From the March 2003 issue of The Christian Science Journal

On paper it looked simple. An interfaith organization in Nashville, Tennessee, decided to plan a "Women in World Religions" conference. The purpose was to provide women with an opportunity to explain their deeply felt spiritual convictions. But, as the planning got underway, suspicion, deeply rooted hurt feelings, and anger at the community's treatment of religious minorities bubbled to the surface. Getting women to come to the first planning session turned out to be an exercise in grace.

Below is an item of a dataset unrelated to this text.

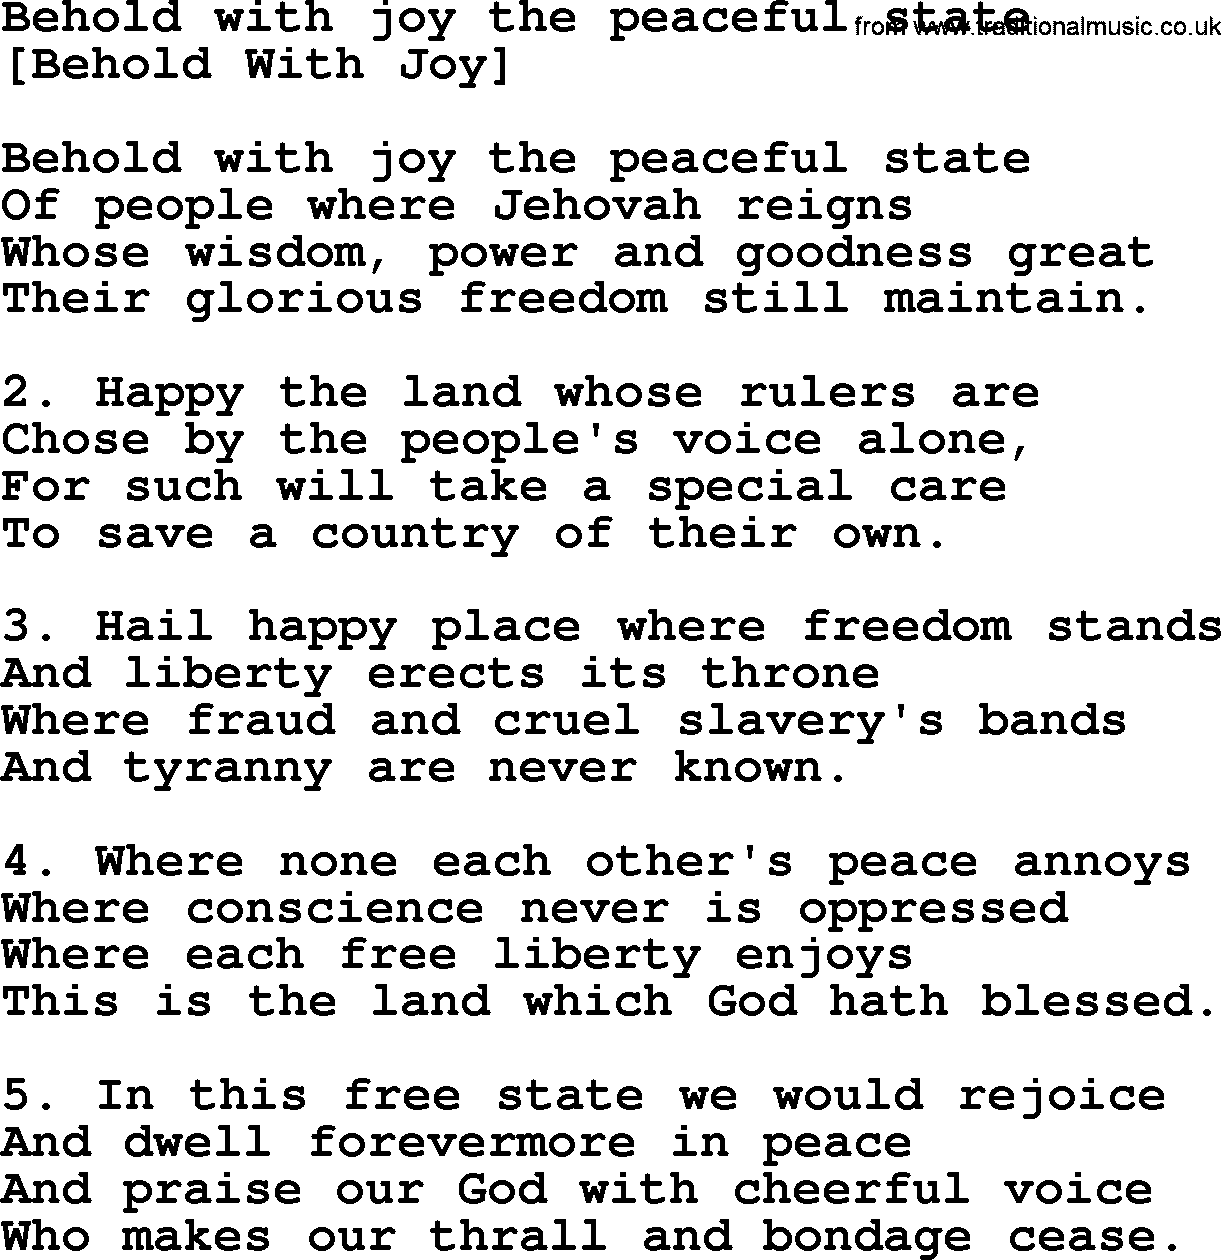 Old American Song: Behold With Joy The Peaceful State, lyrics

Prayer, love, and respect, though, were what eventually brought the group together. At the planning sessions, the deeper spiritual truths upon which we all agreed began to surface. And the conference ended up reflecting this unity. Hindus, Muslims, Buddhists, Bahais, Orthodox, Reform, and Conservative Jews, and Christians from numerous denominations attended with a motive to inform, not convert. The diversity of dress and religious practice was amazing. And it didn't divide the participants. It seemed that God brought people together on a divine, rather than a human, basis. The atmosphere resonated with love and joyous expectation.

Being able to express our deepest religious convictions, share how God was visible in our lives, explain the scriptures that brought us all inspiration, comfort, and guidance was like breathing out after holding one's breath for a lifetime. Friendships were forged that continue more than ten years later.